El año pasado en la Universidad Javeriana hicimos un estudio para tener una idea de dónde se localizan los homicidios en la ciudad de Cali. Al hacer el ejercicio de ubicar geográficamente estos delitos, hicimos algunos descubrimientos que nos llamaron poderosamente la atención: en el primer semestre de 2013 la capital del Valle tuvo el mayor incremento en el número de homicidios en los últimos 15 años (16%), con 939 muertes violentas. Ubicamos los 939 asesinatos en el mapa y el resultado fue desalentador: el 95% se cometieron en las comunas 6, 13, 14 y 15, que además presentan el mayor indicador de pobreza en la ciudad. Luego de hacer este análisis, cruzamos las estadísticas de años de escolaridad promedio de la población con los asesinatos por comuna y hallamos algo más interesante y desesperanzador: en estas comunas la población cuenta con dos años y medio menos de educación en promedio.
Se va configurando entonces la idea que en Cali la probabilidad de morir violentamente se incrementa cuando se vive en una comuna predominantemente pobre y cuando las posibilidades de acceso a la educación son inferiores. De acuerdo a las cifras de homicidios de la ciudad, los móviles de este delito han cambiado: se han reducido las actividades asociadas a las grandes mafias del narcotráfico y han aumentado las riñas y el pandillismo; este último ha pasado a ocupar un espacio importante en el escenario del crimen en Cali en la medida en que las pandillas juveniles operan como una especie de outsourcing de las mafias y terminan siendo una fuente de empleo para jóvenes sin acceso a la educación y al trabajo, que constituyen, evidentemente, una mano de obra barata.
La pobreza y la desigualdad no generan por sí mismas la violencia, pero son terreno fértil para las economías subterráneas y la delincuencia, toda vez que estos flagelos suelen ocurrir en presencia de un estado débil e incapaz de hacer una provisión apropiada de bienes públicos. Y esta violencia termina siendo un elemento que refuerza la pobreza y se convierte en una trampa que anula los esfuerzos de ciertos grupos sociales para superar su condición vulnerable. Ahora no solo la pobreza y la desigualdad limitan la capacidad de los individuos de desarrollar sus habilidades sino que los expone a riesgos para su vida. Una familia pobre que pierde a un miembro de su familia es casi seguro que se empobrecerá aún más y alargará su situación en el tiempo. Piénselo de esta manera: un joven que deja de estudiar e ingresa a una pandilla y es asesinado implica un talento más que se echa a perder y que compromete el futuro de la familia. Si el Estado hubiese actuado a tiempo, este joven no habría tenido que salir del sistema educativo y eso marcaría una diferencia notable.

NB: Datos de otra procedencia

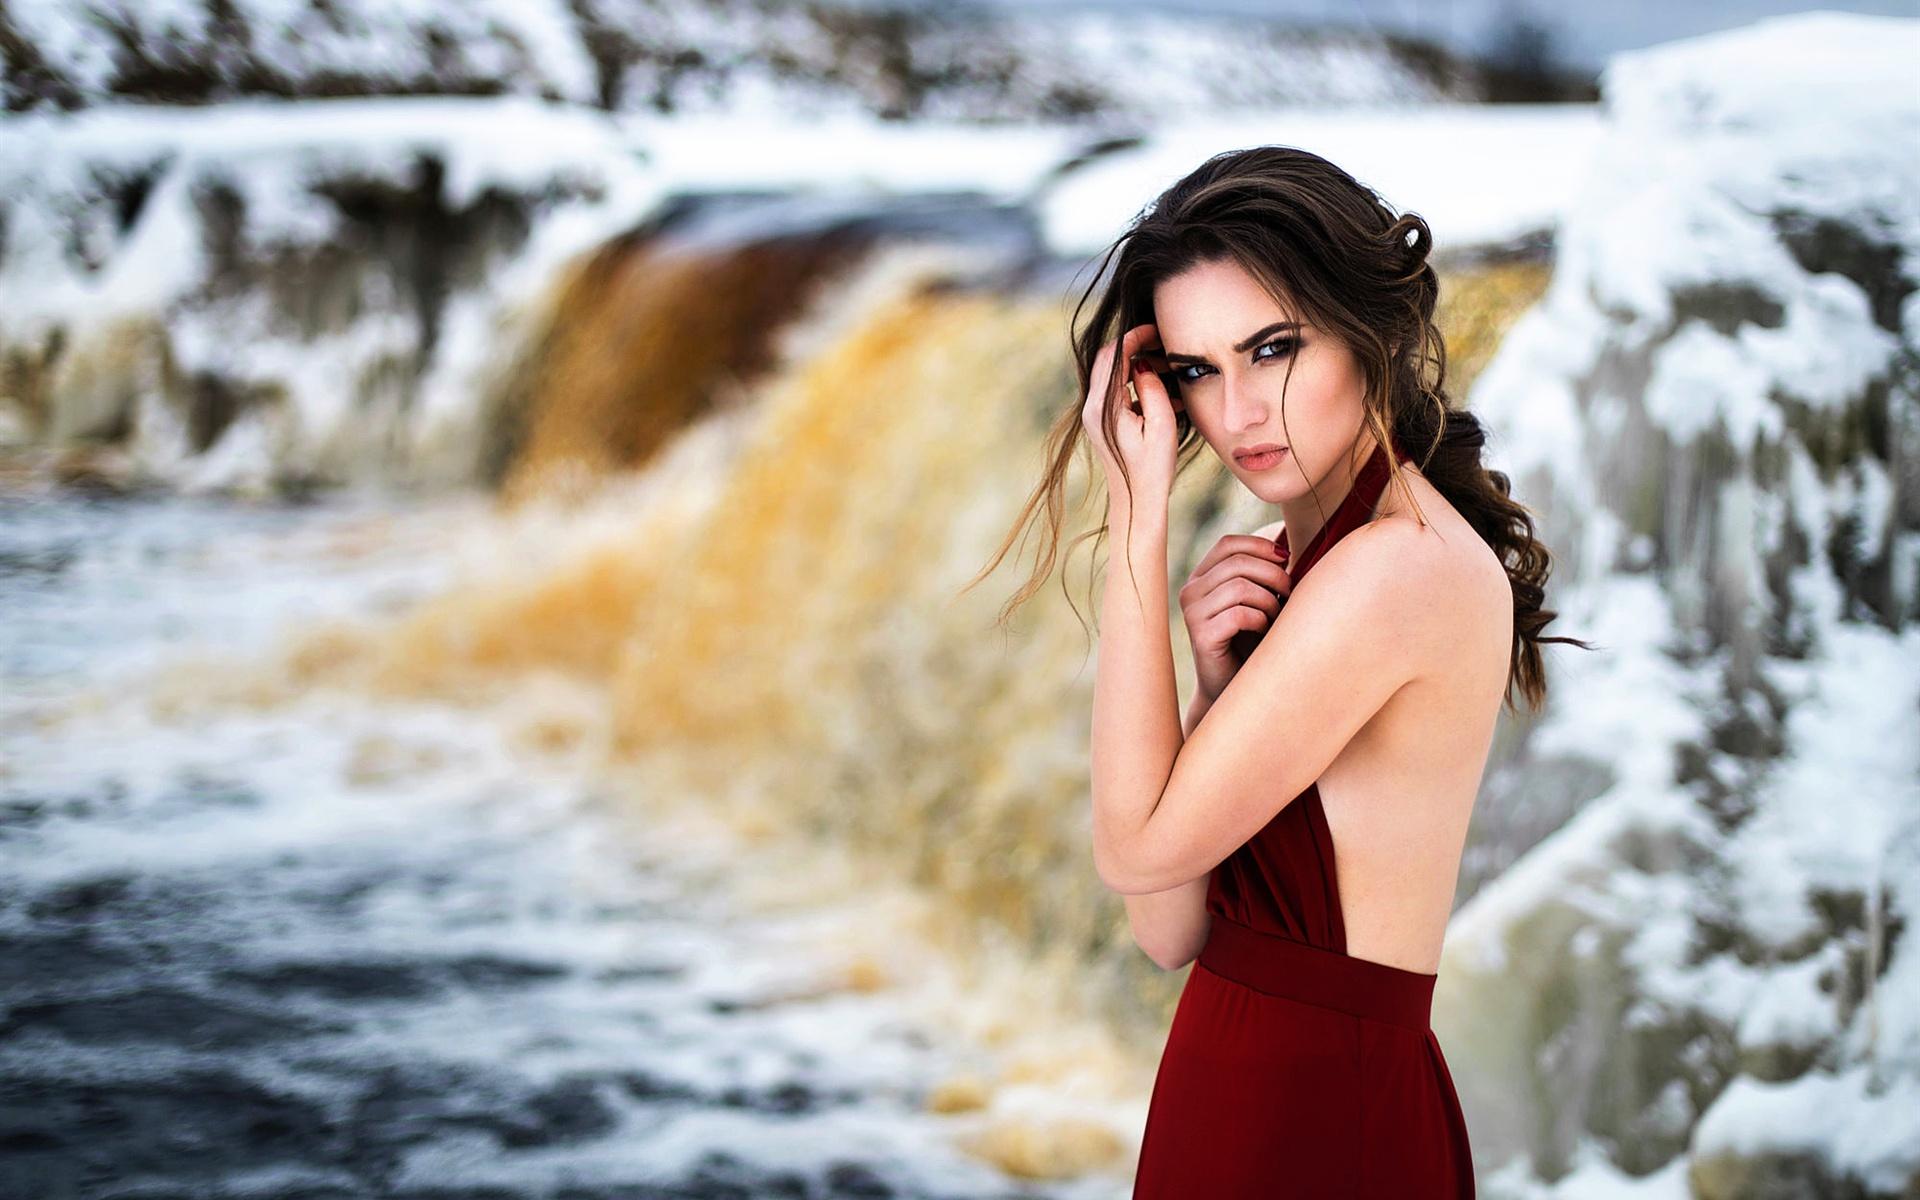 фотосессия на берегу реки холод для такого

La discusión que se plantea es bastante amplia, pero parte de la siguiente premisa: la lucha contra la extrema pobreza, la pobreza y la desigualdad deben ser asuntos prioritarios en la agenda pública de los estados en sus diferentes niveles; el diseño de una estrategia que permita orientar recursos públicos hacia las necesidades más apremiantes de la población y satisfacer sus requerimientos es una apuesta de largo plazo que puede transformar profundamente a la sociedad, en la medida en que reduce las pérdidas de capital humano y, dado el panorama enunciado anteriormente, preserva vidas.
En Cali la pobreza aumenta el riesgo de morir a causa de la violencia. Y aunque son pocas las manifestaciones de indignación, va siendo hora de reconocer que padecemos una urgencia manifiesta: no resistimos más muertes violentas. El precio de tener menos no puede seguir siendo la vida misma, en algunos casos. Que la lucha contra la pobreza y la desigualdad emerjan como prioridades no solo es un asunto ético y moral: puede ser un salvavidas inmenso para muchos jóvenes a la deriva.